By Suzanne Sparrow Watson
People of a certain age may remember a song we sang in grammar school this time of year: Over the River and Through the Wood. The gist of the song is that a happy family bundles into a sleigh and glides over the snow to their grandmother’s house. In the song, it is noted that the horses knew the way, which was a good thing because they didn’t have Google Maps when this song was written. I remember singing that song and wishing that we lived in a place that had snow, rather than our rather mundane California sunshine.
Those were simpler times in many ways, not the least of which it was a lot easier to direct a horse through the woods than navigate an airport on Thanksgiving weekend. Now that the pandemic seems to be abating everywhere except Arizona, there are predictions of a heavy travel week ahead, both on the ground and in the air.
4.2 million travelers will take to the skies this Thanksgiving. That is an 80% increase over last year, witch isn’t saying much since no one was traveling last year. At the beginning of the holiday travel period last Friday, TSA screened over 2.2 million people at airport security checkpoints around the U.S. TSA has warned that passengers should arrive early and expect long lines. They have also reminded everyone what is and what is not allowed in carry-on baggage. I stipulate up front that since most people did not travel in 2020 it can be difficult to remember all the rules. But as you can see from the photo of items that were confiscated, there are people who apparently need remedial help. One wonders why it was necessary to take a bottle of Heinz gravy and a can of yams to wherever this person was going. If they are flying to a city that has an airport, one might reasonably assume that there is also a grocery store, one that carries such gourmet items as bottled cranberry sauce. Well, to be charitable, perhaps this person was afraid of being stranded at a gate for eight hours and wanted to have some provisions.
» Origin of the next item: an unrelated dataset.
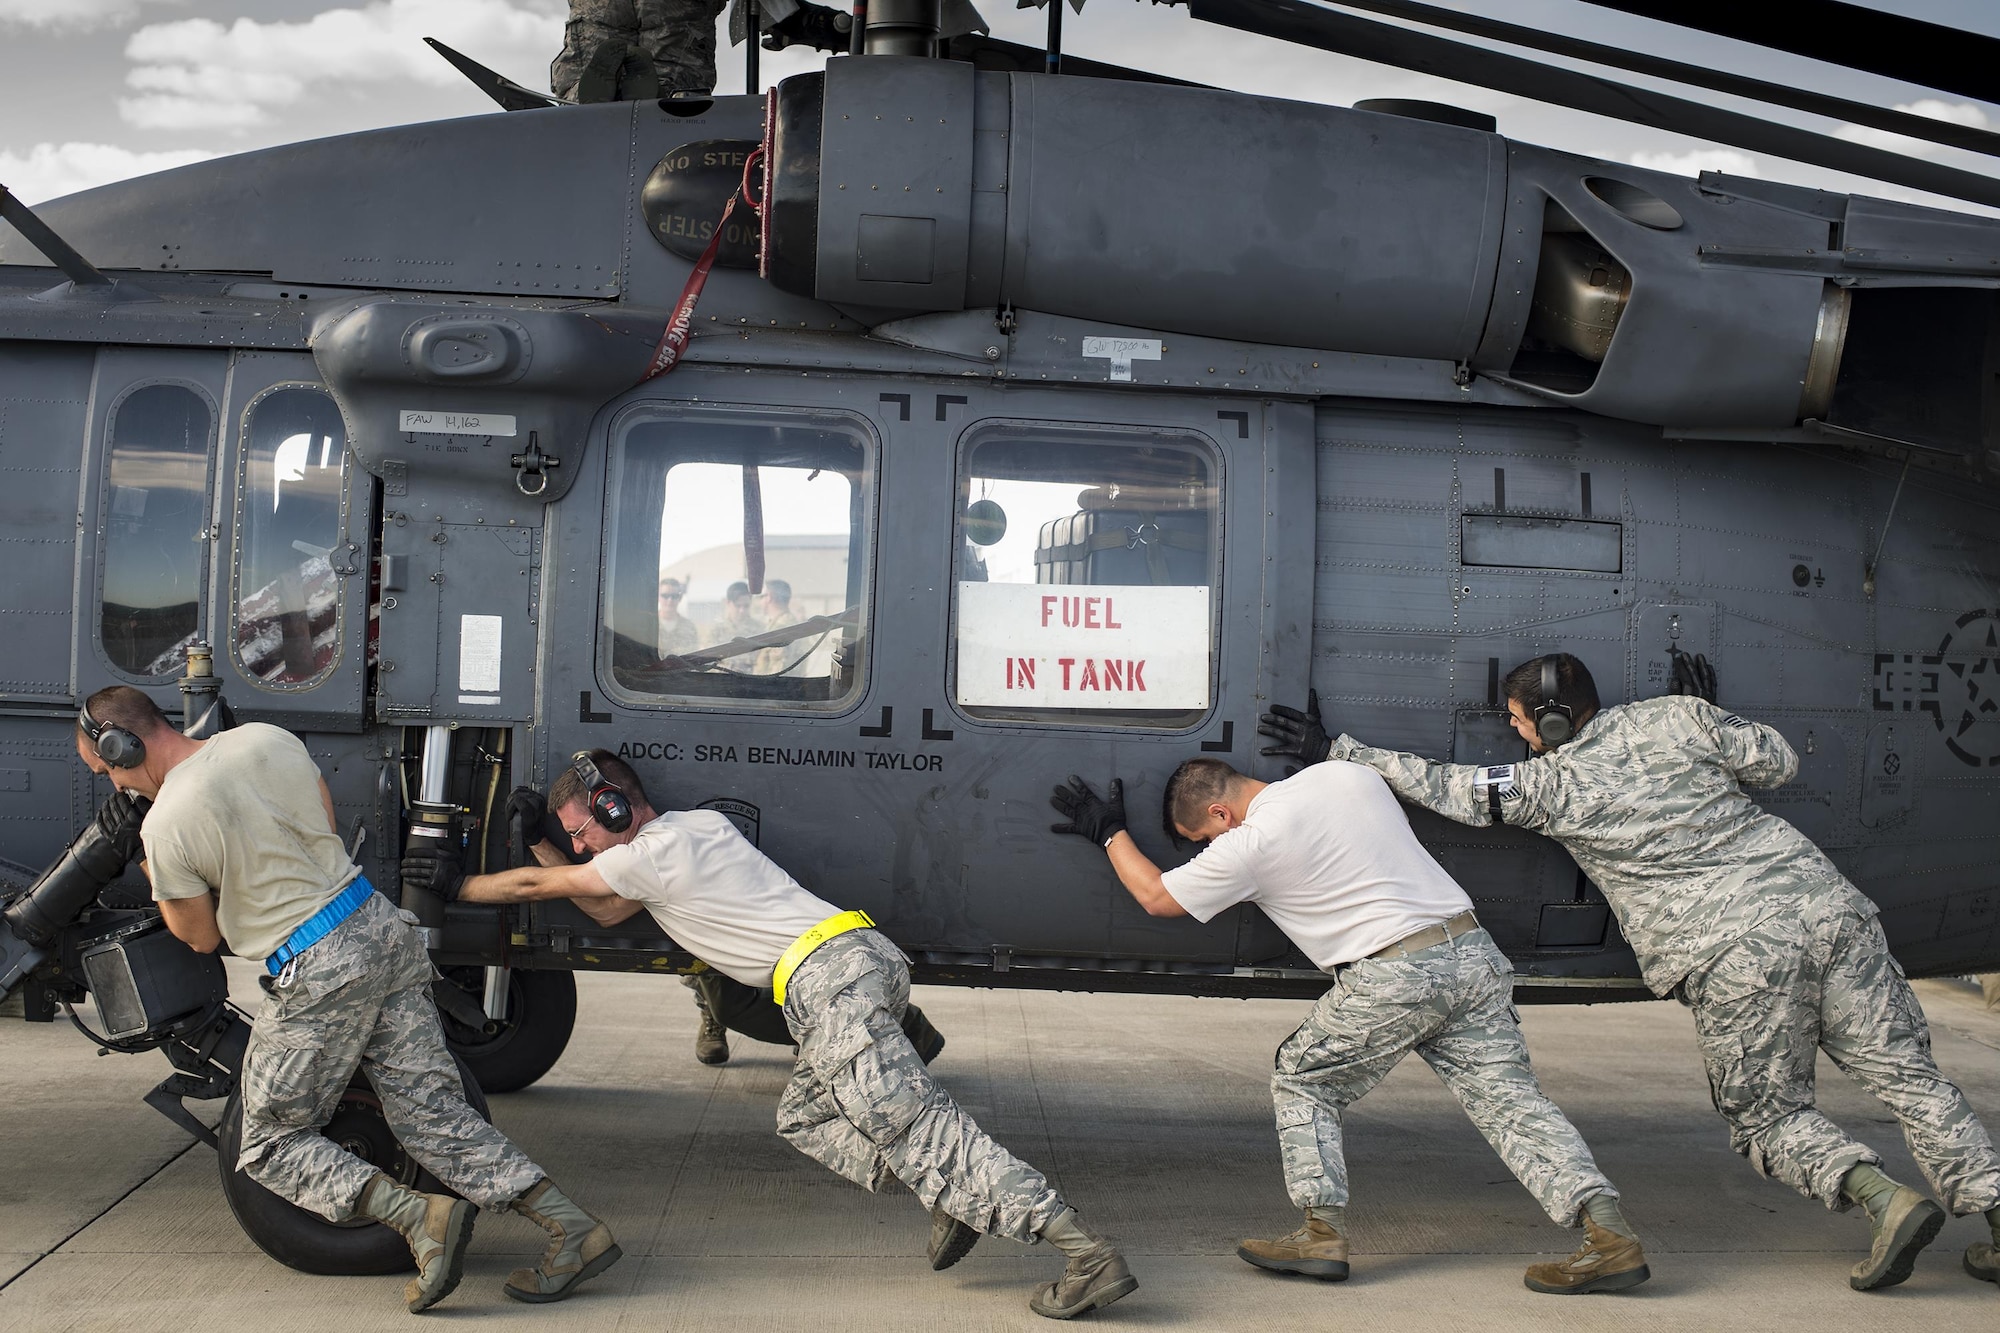 Airmen from the 41st Helicopter Maintenance Unit and the 325th Logistics Readiness Squadron unload an HH-60G Pave Hawk, assigned to the 41st Rescue Squadron, from a C-17 Globemaster III, during a rapid-rescue exercise, Nov. 1, 2016, at Tyndall Air Force Base, Fla. The first stage of the exercise tested Moody’s ability to quickly deploy rescue aircraft and personnel to an austere environment. (U.S. Air Force photo by Staff Sgt. Ryan Callaghan)

I will say that the wine is totally understandable given a) they aren’t serving alcohol on planes due to belligerent passengers and b) it’s wine. This person might also be flying out of Phoenix Sky Harbor, where the concession employees have declared a strike for this week. So not only will there be no food available at the airport, there will not be any Starbucks. Between no food, no coffee, and having to wear a mask, I suspect there is going to be a plethora of grouchy passengers.
Speaking of which, the day before Thanksgiving sees more drunk driving accidents than almost any other day of the year. In fact, it is sometimes referred to as the biggest bar night in America. Others call the day “Drinksgiving.” It is particularly popular with college-aged kids coming back to their home towns and the parents of said kids, who suddenly find their empty nest strewn with laundry and filled with music that has undecipherable lyrics. Nevertheless, lots of people will be on the road this year. AAA is predicting that 48.3 million Americans are expected to travel by car this week. The worst time for traffic will be between 1:30 – 6 p.m. on Wednesday, particularly in big cities. So if you can sneak out a bit early you might save yourself hours of staring at the rear end of a semi-truck.
Regardless of where you will be spending Thanksgiving this year, my brother and I wish you a very happy day, filled with fun, family and food. I plan on driving this year on Thanksgiving – right down the middle of the fairway.